The fourth of the five haunted house attractions I attended in 2004 was by far the most promising. I was enticed by TV ads, billboards, and a snazzy website (http://www.nightmaresonbroadstreet.com/) - all promising worlds of zombie-awesomeness seeming to be otherwise unachievable.
This haunted house filled the entire inside of the Wachovia Spectrum in Philly and promised five separate worlds of unholy despair. How can you go wrong? Well, I'm about to tell you.

1) The Movie - After waiting in line for an hour and change, we got herded into a movie theater and watched a short film about a guy who cut off people's fingers and made a kid eat too much candy. It was lame.
2) The Next Thing - Then we moved along to stand in a new line for a while. Then we went through some generic haunted hallways and some people jumped out, etc. Nothing new.
3) Alice Cooper's 3-D Thing - We then stood in another line and were handed 3-D glasses. There was some really cool artwork in this part (awesome 3-D paintings) and the same spinny disorientation tube that I was in last night at the Hamilton thing. Not a lot of scary stuff, but some cool imagery and a few decent masks (one looked sort of like the Predator).
4) The Freezer - Stood in a new line. Then we went through a maze of mirrors and chain link fences with all kinds of crazies milling about inside it. There was an awesome dude in a mask with tubery all over it. And some crazy, bloody chick strattling us from the ceiling as we walked under (in a really awkwardly crotch-pointing-at-your-head position). Lots of smoke and strobe lights. Kind of cool, though.
5) The Mummy Thing - Oh man, SO MUCH BURLAP. We kept walking through sheets of burlap and there would be mummies on the other side and such. The costumes in here were exteremly well-done. Quite intricate and mumm-tastic. I yelled things about burlap and Mumm-Ra from the Thundercats.

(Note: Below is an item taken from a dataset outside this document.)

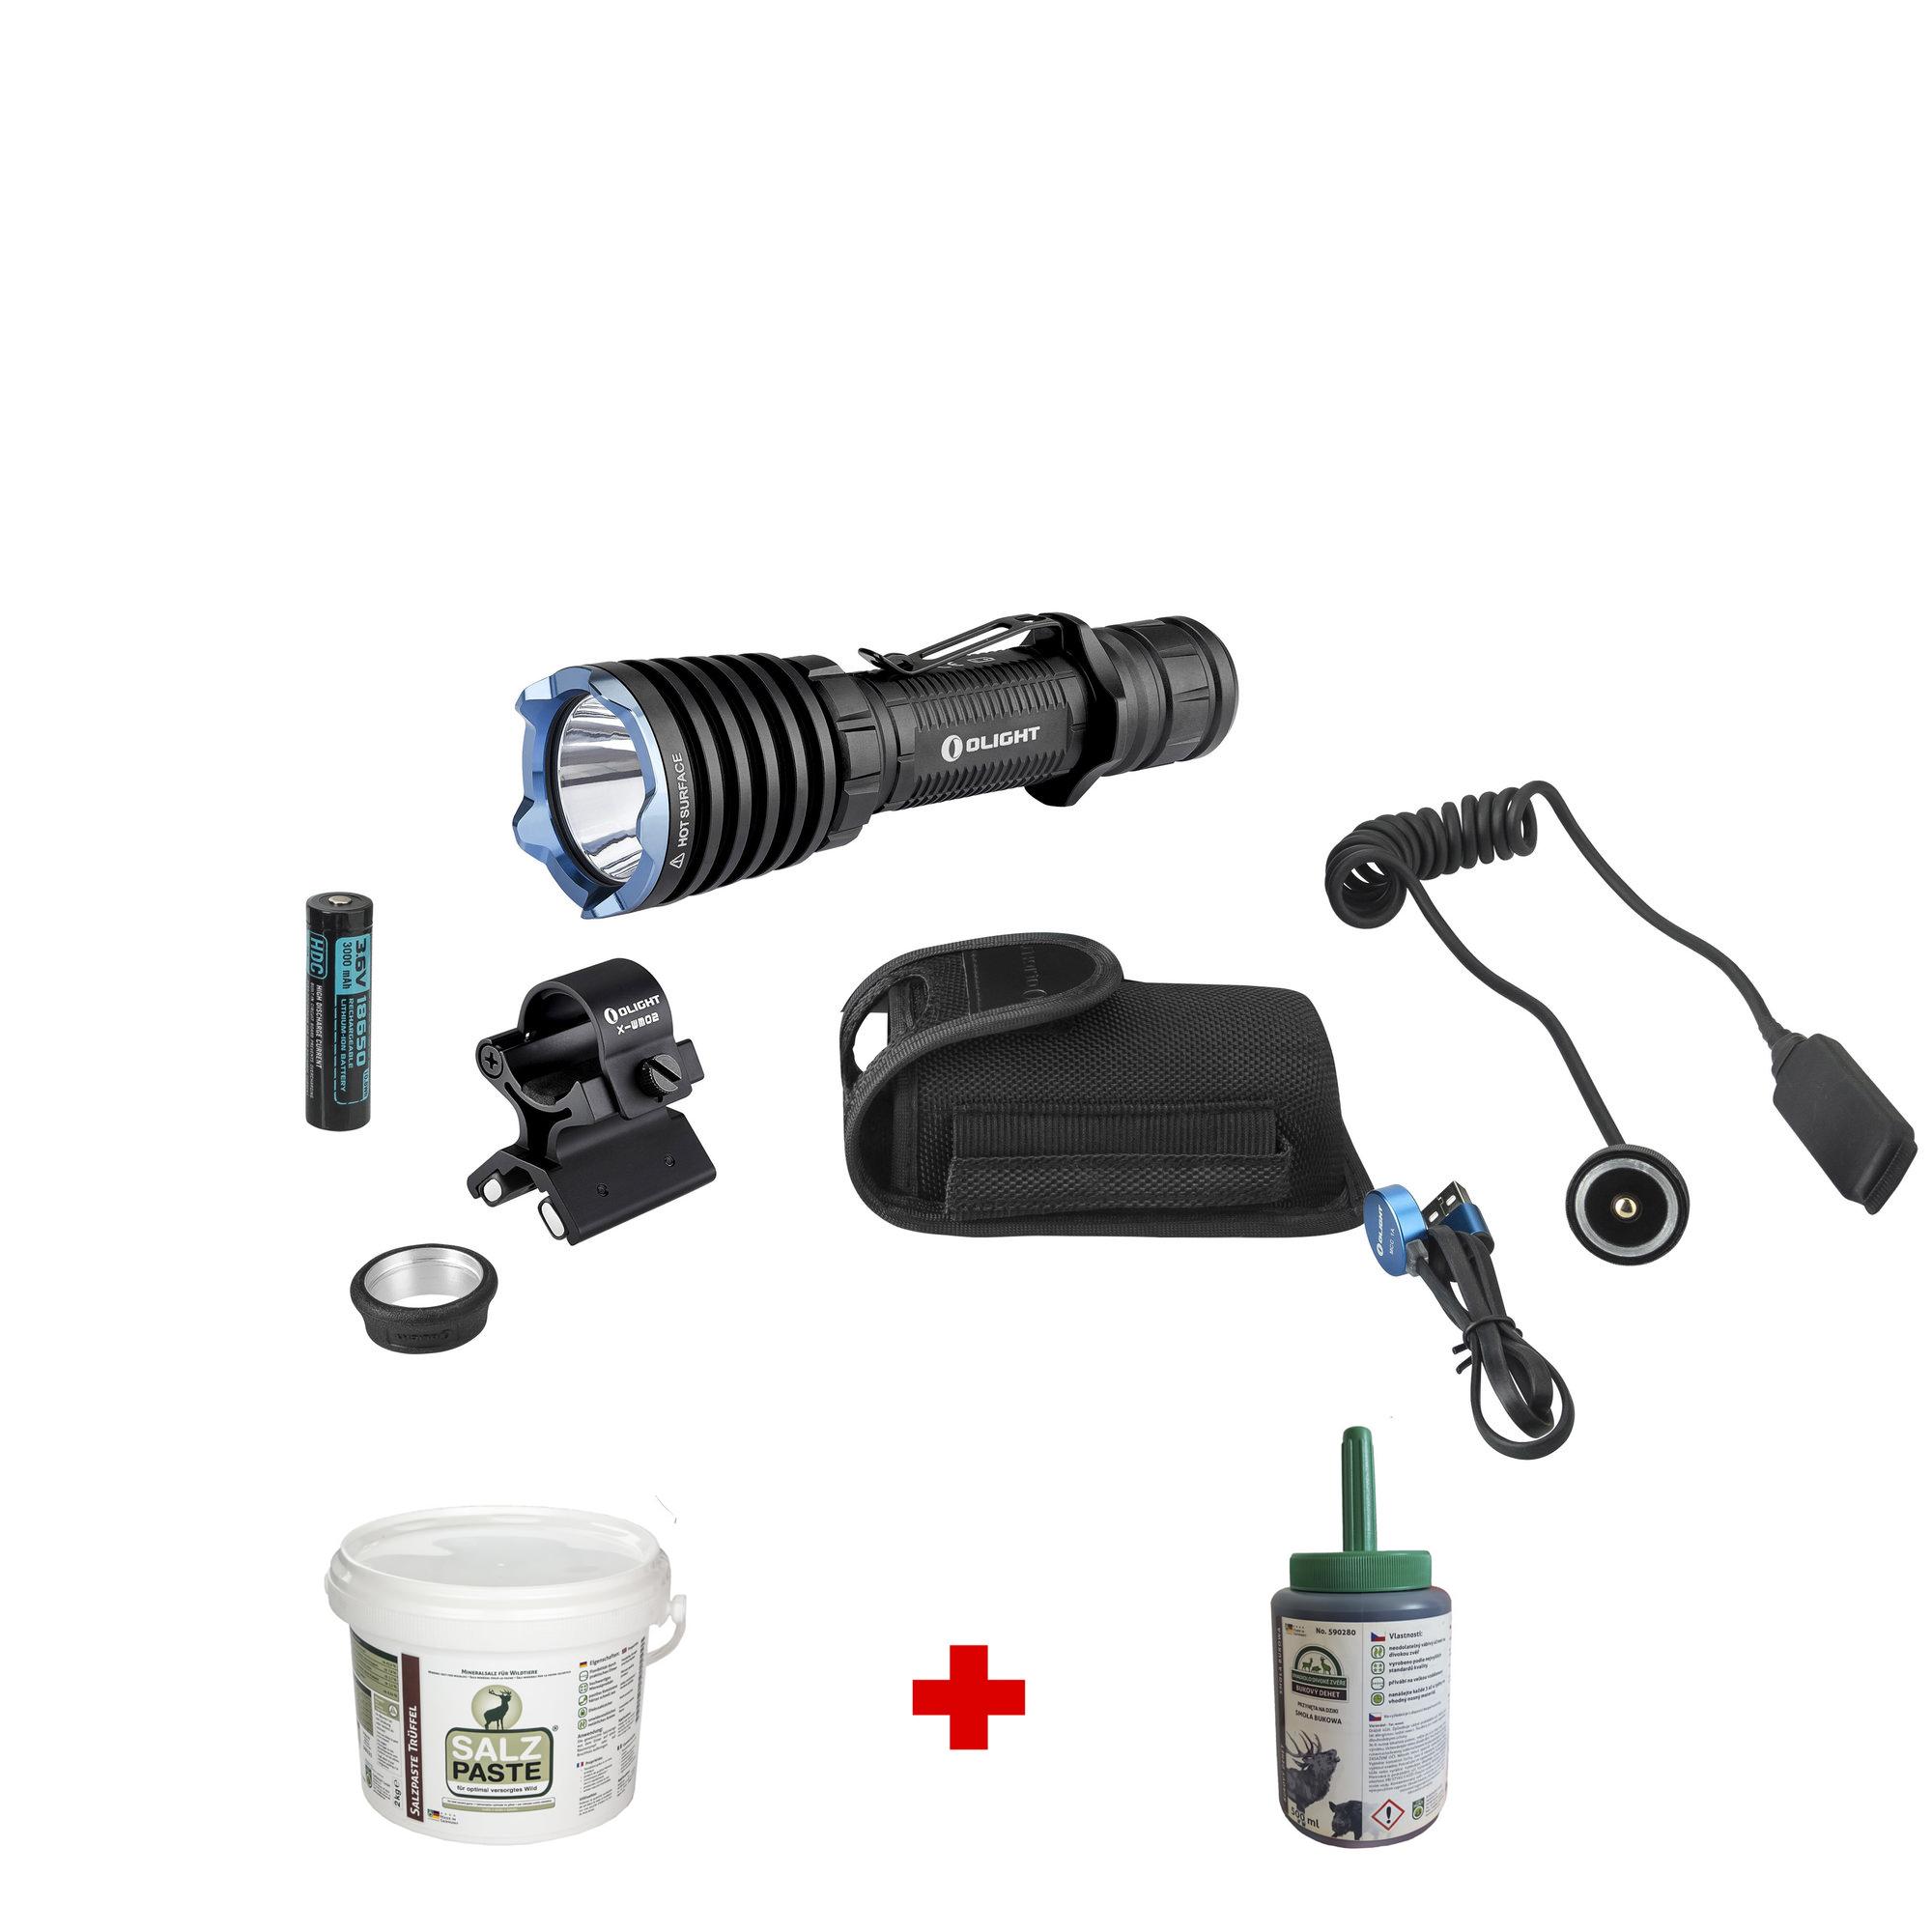 Poľovnícka LED baterka Olight Warrior X Pro KIT 2250 lm + Bukový decht + Soľná pasta ZADARMO

Overall: For $20, it was very above average in terms of visual stimulation through awesome costumery. But it lacked clowns, chainsaws, and 10 ft tall things that chased after you. In reality, it wasn't even close to being worth 20 dollars because it took us 2.5 hours total. Two hours of which was spent waiting in lines around a lot of really annoying people. Also, the parking lot was a crowded mess because there was a Barry Manilow concert at the Center (which may have been the most frightening attraction of all!).